Singh G, Hussain J F, MacKinnon A, Brown C M, Kendall D A, Wilson V G
Department of Physiology and Pharmacology, Medical School, Queen's Medical Centre, Nottingham, UK.
Naunyn Schmiedebergs Arch Pharmacol. 1995 Jan;351(1):17-26. doi: 10.1007/BF00169059.
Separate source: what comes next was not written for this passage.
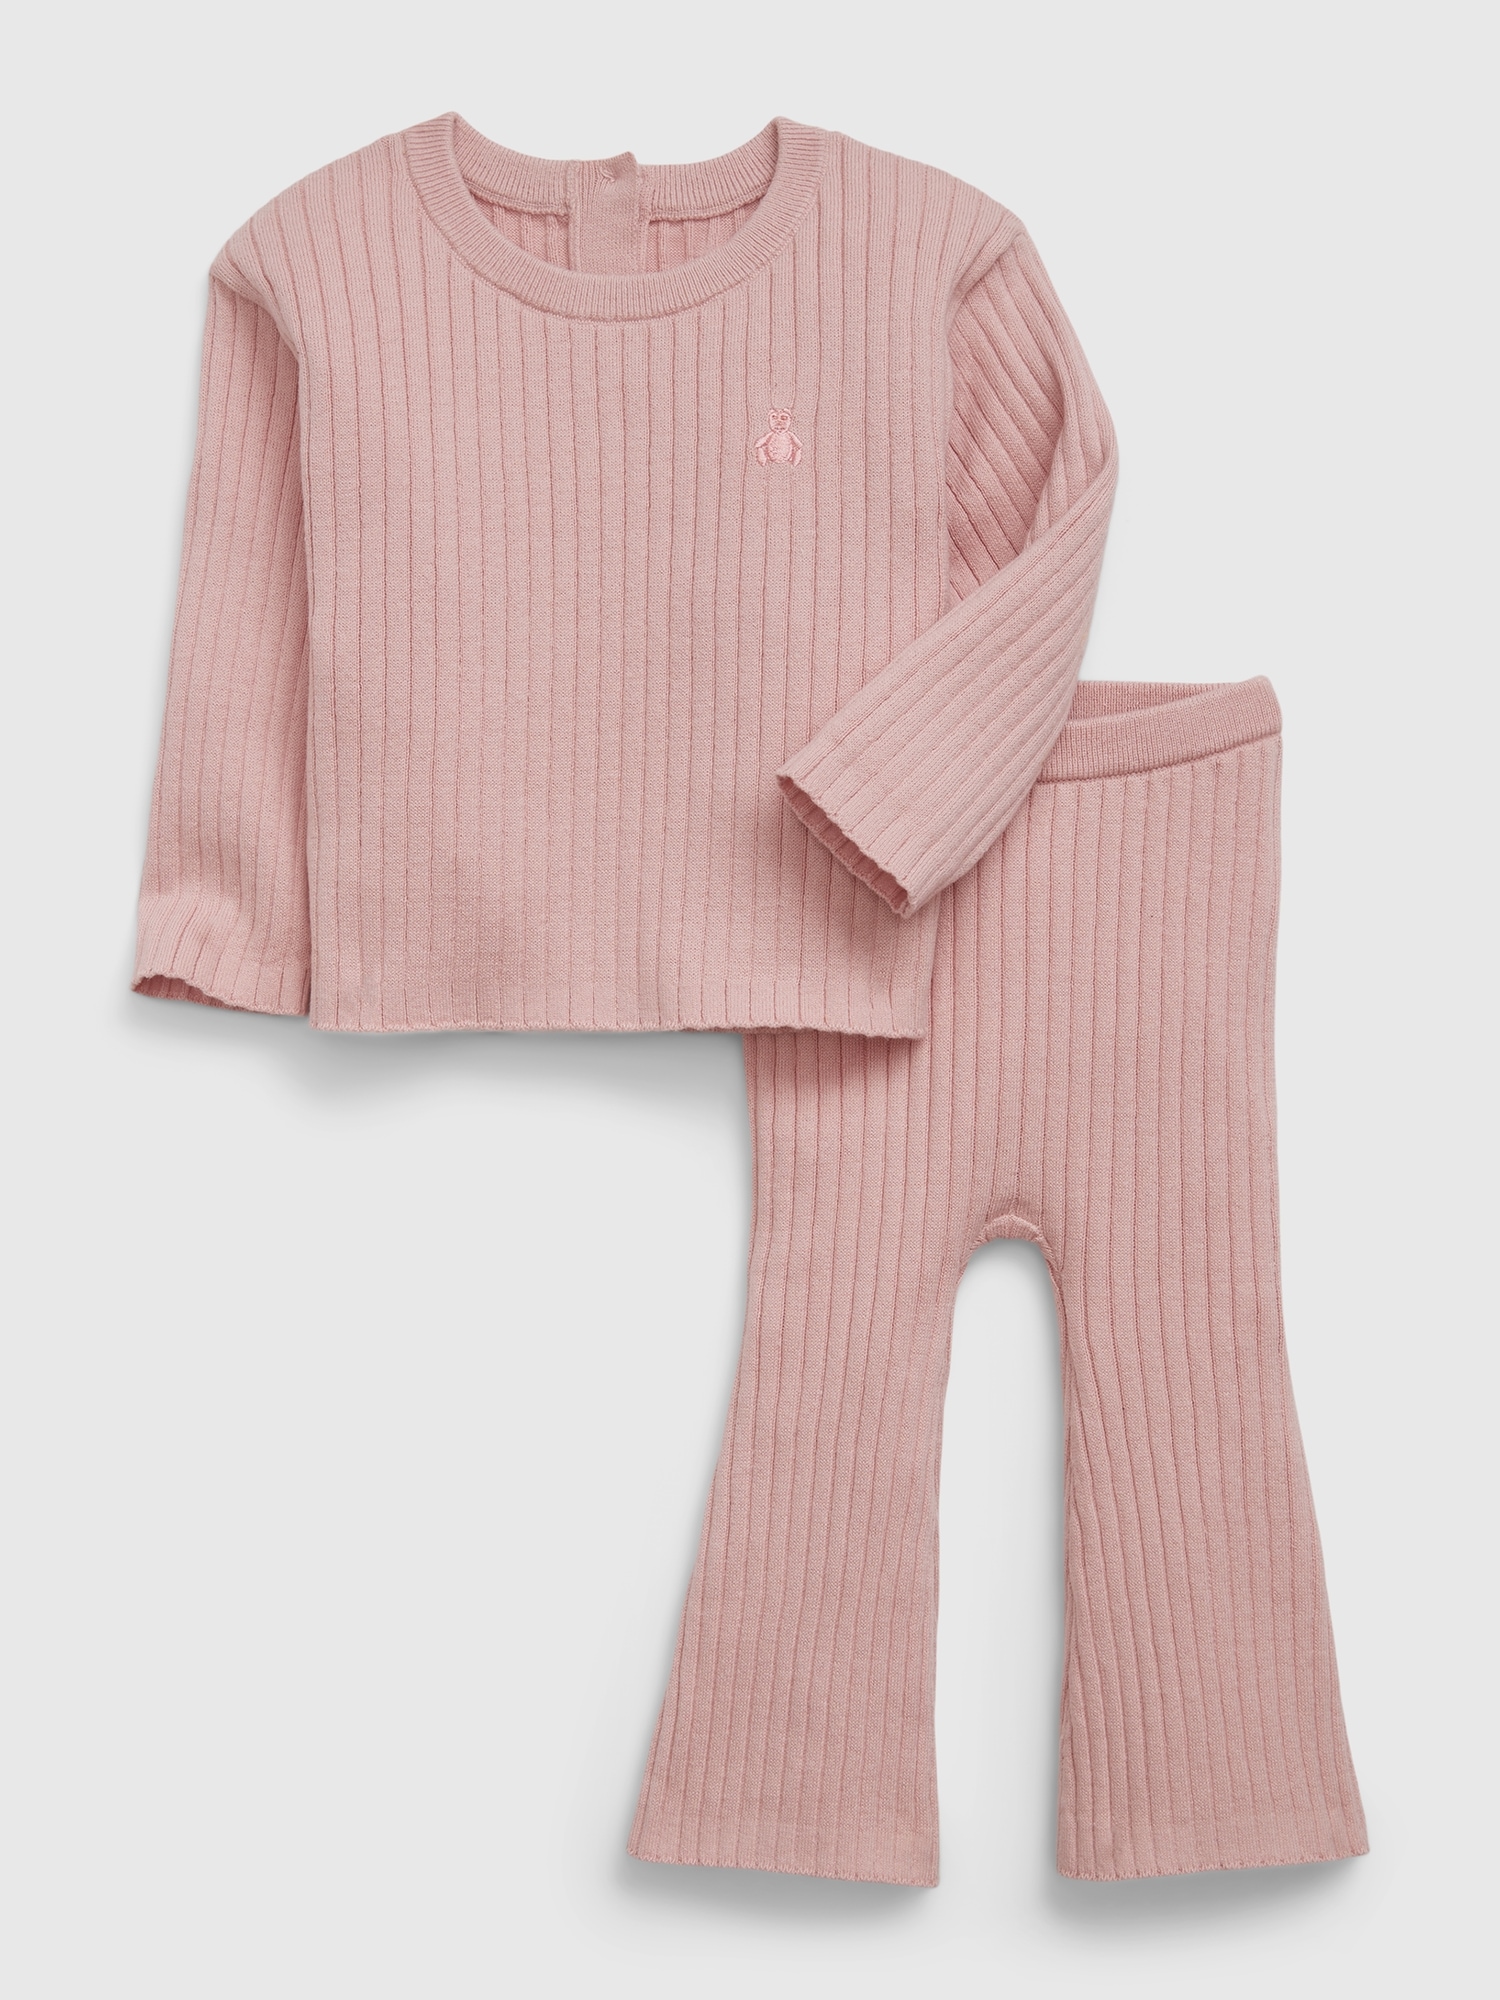 Gap Baby Rib Sweater Outfit Set

In the present study we have prepared crude, methanolic extracts of bovine lung and bovine brain and, using radioligand binding assays in conjunction with a number of simple chromatographic techniques, provided evidence for the presence of a non-catecholamine 'clonidine-displacing substance' (CDS). The level of CDS in lung extracts (9 units/g wet weight n = 11) is approximately 3 times that in the brain extracts. Furthermore, the effect of the crude, methanolic extracts are selective for non-adrenoceptor, imidazoline (labelled by [3H]-idazoxan) and alpha 2-adrenoceptor binding sites (labelled by [3H]-clonidine); both extracts are 5-10-fold more potent displacers of ligand binding to alpha 2-adrenoceptors compared with binding to opiate receptors (labelled by [3H]-etorphine) and practically inactive against alpha 1-adrenoceptor and muscarinic binding sites (labelled by [3H]-prazosin and [3H]-quinuclidinyl benzilate, respectively). With the exception of the non-adrenoceptor, imidazoline binding assay, which used rat kidney membranes labelled by [3H]-idazoxan in the presence of the alpha 2-adrenoceptor antagonist RS-15385-197, all radioreceptor assays involved bovine cerebral cortex membranes. Although the extracts contain catecholamines (brain only), histamine (lung only) and monovalent cations (both), which have the potential to interfere with the radioligand binding assays, their concentrations were too low to account for the effects observed. Preliminary attempts at purification of the extracts revealed that CDS activities from the two tissues are similar, i.e., practically insoluble in organic solvents at room temperature, not affected by either Sep-Pak C18 column or anion exchange resins but retained (along with the monovalent cations) by cation exchange resin. However, following chromatographic separation on a Biogel P2 column, the CDS-containing eluates are cation-free and exhibit qualitatively similar elution profiles. Future experiments will involve further purification of 'clonidine-displacing substance' to characterize its interaction with alpha 2-adrenoceptor binding sites in greater detail and establish whether it has biological activity consistent with the properties implied by its effects in radioligand binding assays.
在本研究中,我们制备了牛肺和牛脑的粗甲醇提取物,并通过放射性配体结合测定法结合一些简单的色谱技术,为一种非儿茶酚胺类“可乐定置换物质”(CDS)的存在提供了证据。肺提取物中CDS的水平(9单位/克湿重,n = 11)约为脑提取物中的3倍。此外,粗甲醇提取物的作用对非肾上腺素能受体、咪唑啉(由[3H]-伊达唑胺标记)和α2-肾上腺素能受体结合位点(由[3H]-可乐定标记)具有选择性;与结合阿片受体(由[3H]-埃托啡标记)相比,两种提取物对配体与α2-肾上腺素能受体结合的置换能力要强5-10倍,而对α1-肾上腺素能受体和毒蕈碱结合位点(分别由[3H]-哌唑嗪和[3H]-奎宁环基苯甲酸酯标记)几乎无活性。除了非肾上腺素能受体咪唑啉结合测定法(在α2-肾上腺素能受体拮抗剂RS-15385-197存在下,使用由[3H]-伊达唑胺标记的大鼠肾膜)外,所有放射性受体测定均涉及牛大脑皮层膜。尽管提取物中含有儿茶酚胺(仅脑中有)、组胺(仅肺中有)和单价阳离子(两者都有),它们有可能干扰放射性配体结合测定,但它们的浓度过低,无法解释所观察到的效应。对提取物进行纯化的初步尝试表明,两种组织中的CDS活性相似,即在室温下几乎不溶于有机溶剂,不受Sep-Pak C18柱或阴离子交换树脂的影响,但可被阳离子交换树脂保留(与单价阳离子一起)。然而,在Biogel P2柱上进行色谱分离后,含CDS的洗脱液不含阳离子,并且呈现出定性相似的洗脱曲线。未来的实验将包括进一步纯化“可乐定置换物质”,以更详细地表征其与α2-肾上腺素能受体结合位点的相互作用,并确定它是否具有与其在放射性配体结合测定中的效应所暗示的特性相符的生物活性。